In her first 100 days in office, Minneapolis Mayor Betsy Hodges has held hands with the Dalai Lama and traveled to the White House. She has spent a fifth of her time traveling for business: Three trips to Washington, D.C., two to New York City and one to Portland, Ore. But she has not pushed many new plans, instead building her own team and deepening relationships, particularly with Somali-Americans.
And at a time when growing Minneapolis is a priority, Hodges has yet to appoint people to two of the most important positions in the city, the director for economic development and the city coordinator. The Cradle-to-K Cabinet she touted on the campaign trail to support early childhood health and education is not yet filled.
“I figure in a year, no one will care that it took extra time to hire my staff ... but they will care if we get it wrong,” said Hodges, a council member for eight years before winning last fall’s mayoral race.
“Being deliberate in decisionmaking isn’t always flashy, but it does get results,” she said. Hodges’ office said the 19 days out of town included her working in Minneapolis a full four of those days, traveling in evenings or mornings
Much of what drives Hodges are the same issues confronting other big-city mayors, and she has been building alliances there, too. She is part of a cohort of new, progressive mayors talking about inequality, from Seattle’s Ed Murray to New York City’s Bill de Blasio. She describes her out-of-state networking as important: at urban conferences on education and equality, she said, she is building “a crew to call on moving forward.”
Larry Jacobs, a political science professor at the University of Minnesota’s Humphrey School of Public Affairs, who closely followed the mayoral campaign, said Hodges’ national profile may be more impressive than her record in Minneapolis.
“I don’t see, so far, Hodges picking up the bully pulpit in the way that Rybak did,” Jacobs said, referring to former Mayor R.T. Rybak.
But Council President Barb Johnson said she sees Hodges working hard — sometimes catching her phone with full voice mail — whether it’s spending a lot of time at the Legislature pushing for funding for the Nicollet Mall redesign or working on the city’s bid to host the Super Bowl.
Hodges is “a little less off-putting” to state legislators than Rybak because of her willingness to listen, she said.
Despite the vacancies, Hodges has already hired people in her office to address issues she campaigned on, including a liaison to strengthen ties with the Somali community and a policy aide to work on plans to make Minneapolis a zero-waste city. A third new aide focusing on early childhood is helping her decide who should staff the Cradle-to-K Cabinet.

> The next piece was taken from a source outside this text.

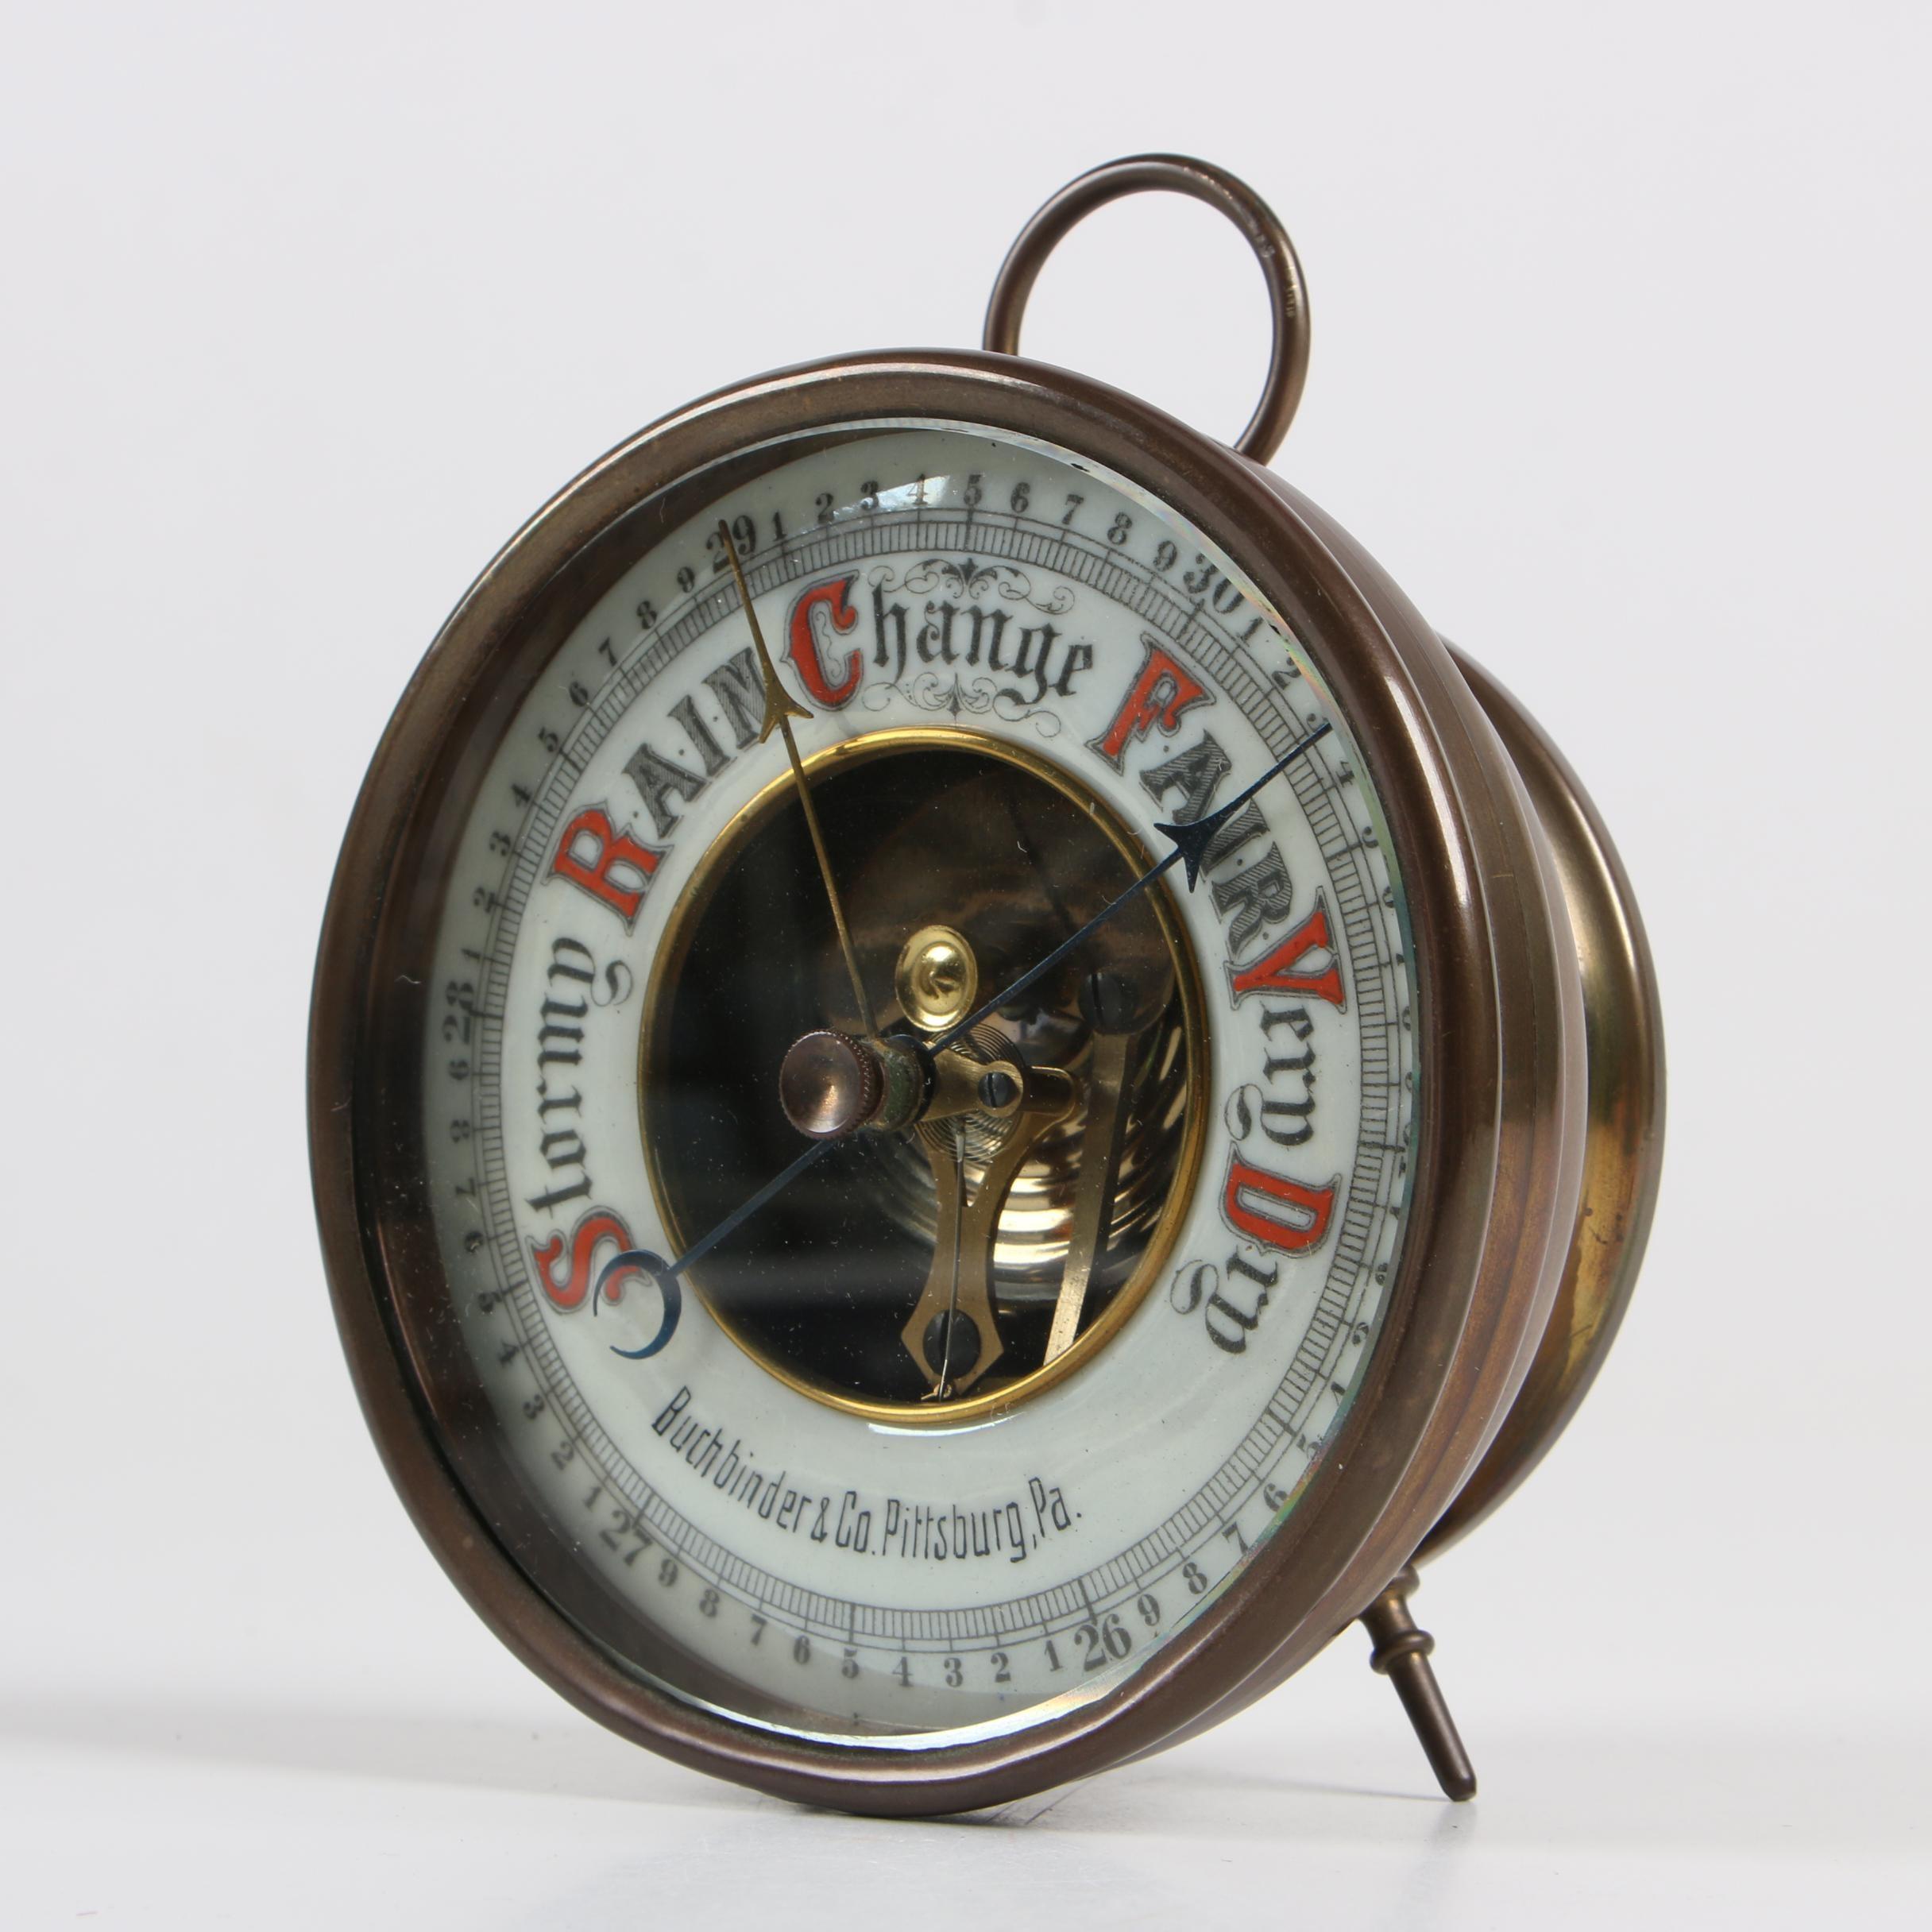 Buchbinder & Co. Barometer
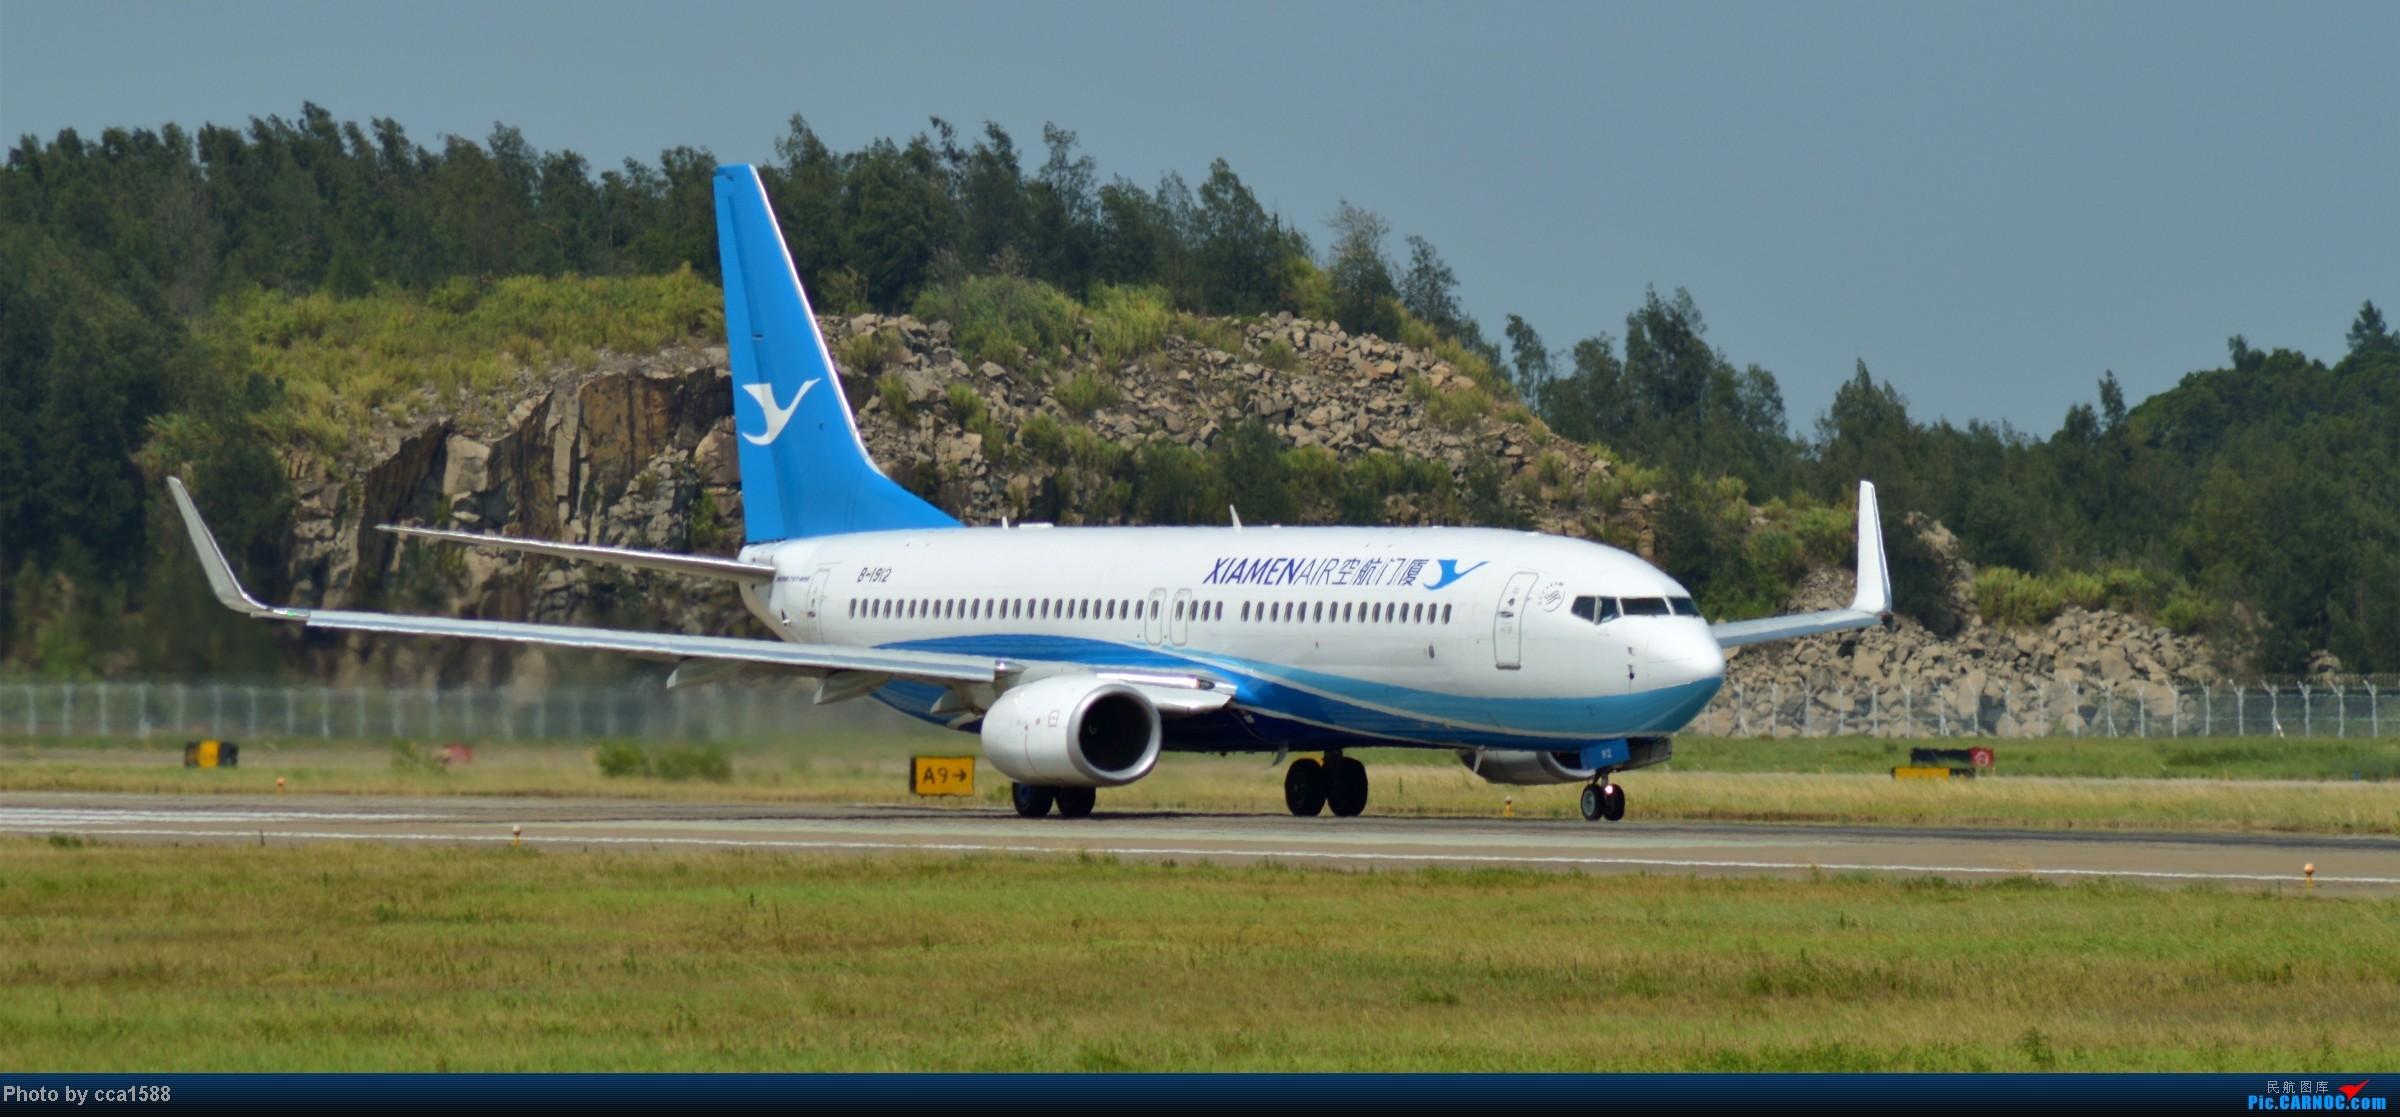 Re:[原创]7.25--FOC拍机集锦~(复兴、新舟60、还有更多惊喜~!) BOEING 737-800 B-1912 中国福州长乐机场

Hodges said the city has hired a search firm to seek out candidates for the economic development post, and is examining candidates internally for coordinator.
Business leaders are wondering about those jobs, said Steve Cramer, head of the Downtown Council.
“What are the plans here? It might be helpful to have those communicated a little more clearly than they have been,” said Cramer, who otherwise speaks highly of Hodges. “They are both critical positions ... that the business community interacts with on a regular basis.”
The mayor has also not been highly public in debates about growth and density that are playing out across the city, including her former ward in southwest Minneapolis, where the city imposed a moratorium last month on teardowns and rebuilds. The City Council this week is expected to lift the moratorium, replacing it with a construction management plan.
Though Hodges thinks concerns can be resolved without a moratorium, she said she views her role on growth as more big-picture and stressed the importance of concentrating growth around transit corridors.
Already, her first major test is shaping up to be the Southwest Corridor light-rail project, where metro leaders voted over her objections last week to sink the line in tunnels in a recreational corridor between two of the city’s lakes.
Hodges, one of two leaders to vote against the proposal, called it “a fundamental failure of fairness” to her constituents, but afterward gave no indication of what she would do if the Met Council tried to push forward without the city’s OK.